(Material shown begins)

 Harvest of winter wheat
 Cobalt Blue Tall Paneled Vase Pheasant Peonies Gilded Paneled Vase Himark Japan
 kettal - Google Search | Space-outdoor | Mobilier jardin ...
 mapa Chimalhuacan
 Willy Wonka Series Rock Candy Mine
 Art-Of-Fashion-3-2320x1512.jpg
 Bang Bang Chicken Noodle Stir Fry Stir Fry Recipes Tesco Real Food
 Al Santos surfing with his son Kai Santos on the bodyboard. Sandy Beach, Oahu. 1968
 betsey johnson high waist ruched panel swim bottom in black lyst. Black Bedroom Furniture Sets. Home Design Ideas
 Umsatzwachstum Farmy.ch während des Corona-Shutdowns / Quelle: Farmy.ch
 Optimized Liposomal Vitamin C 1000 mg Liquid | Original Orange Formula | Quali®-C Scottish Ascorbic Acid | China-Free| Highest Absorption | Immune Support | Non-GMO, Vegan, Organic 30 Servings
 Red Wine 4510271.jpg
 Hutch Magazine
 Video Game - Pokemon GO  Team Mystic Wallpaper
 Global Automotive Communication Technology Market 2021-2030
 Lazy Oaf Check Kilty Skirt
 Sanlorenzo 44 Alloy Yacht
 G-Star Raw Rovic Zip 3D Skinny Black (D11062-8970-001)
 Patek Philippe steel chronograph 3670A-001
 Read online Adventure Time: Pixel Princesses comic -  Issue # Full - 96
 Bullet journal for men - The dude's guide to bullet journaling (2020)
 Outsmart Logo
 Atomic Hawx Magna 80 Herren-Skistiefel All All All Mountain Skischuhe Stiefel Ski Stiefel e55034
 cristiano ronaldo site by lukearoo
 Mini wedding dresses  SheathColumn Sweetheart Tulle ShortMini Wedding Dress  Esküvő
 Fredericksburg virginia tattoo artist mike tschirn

(Material shown ends)

_How to complete this task:_
With nothing added or dropped, write out every entry.

_Finished exercise:_
 Harvest of winter wheat
 Cobalt Blue Tall Paneled Vase Pheasant Peonies Gilded Paneled Vase Himark Japan
 kettal - Google Search | Space-outdoor | Mobilier jardin ...
 mapa Chimalhuacan
 Willy Wonka Series Rock Candy Mine
 Art-Of-Fashion-3-2320x1512.jpg
 Bang Bang Chicken Noodle Stir Fry Stir Fry Recipes Tesco Real Food
 Al Santos surfing with his son Kai Santos on the bodyboard. Sandy Beach, Oahu. 1968
 betsey johnson high waist ruched panel swim bottom in black lyst. Black Bedroom Furniture Sets. Home Design Ideas
 Umsatzwachstum Farmy.ch während des Corona-Shutdowns / Quelle: Farmy.ch
 Optimized Liposomal Vitamin C 1000 mg Liquid | Original Orange Formula | Quali®-C Scottish Ascorbic Acid | China-Free| Highest Absorption | Immune Support | Non-GMO, Vegan, Organic 30 Servings
 Red Wine 4510271.jpg
 Hutch Magazine
 Video Game - Pokemon GO  Team Mystic Wallpaper
 Global Automotive Communication Technology Market 2021-2030
 Lazy Oaf Check Kilty Skirt
 Sanlorenzo 44 Alloy Yacht
 G-Star Raw Rovic Zip 3D Skinny Black (D11062-8970-001)
 Patek Philippe steel chronograph 3670A-001
 Read online Adventure Time: Pixel Princesses comic -  Issue # Full - 96
 Bullet journal for men - The dude's guide to bullet journaling (2020)
 Outsmart Logo
 Atomic Hawx Magna 80 Herren-Skistiefel All All All Mountain Skischuhe Stiefel Ski Stiefel e55034
 cristiano ronaldo site by lukearoo
 Mini wedding dresses  SheathColumn Sweetheart Tulle ShortMini Wedding Dress  Esküvő
 Fredericksburg virginia tattoo artist mike tschirn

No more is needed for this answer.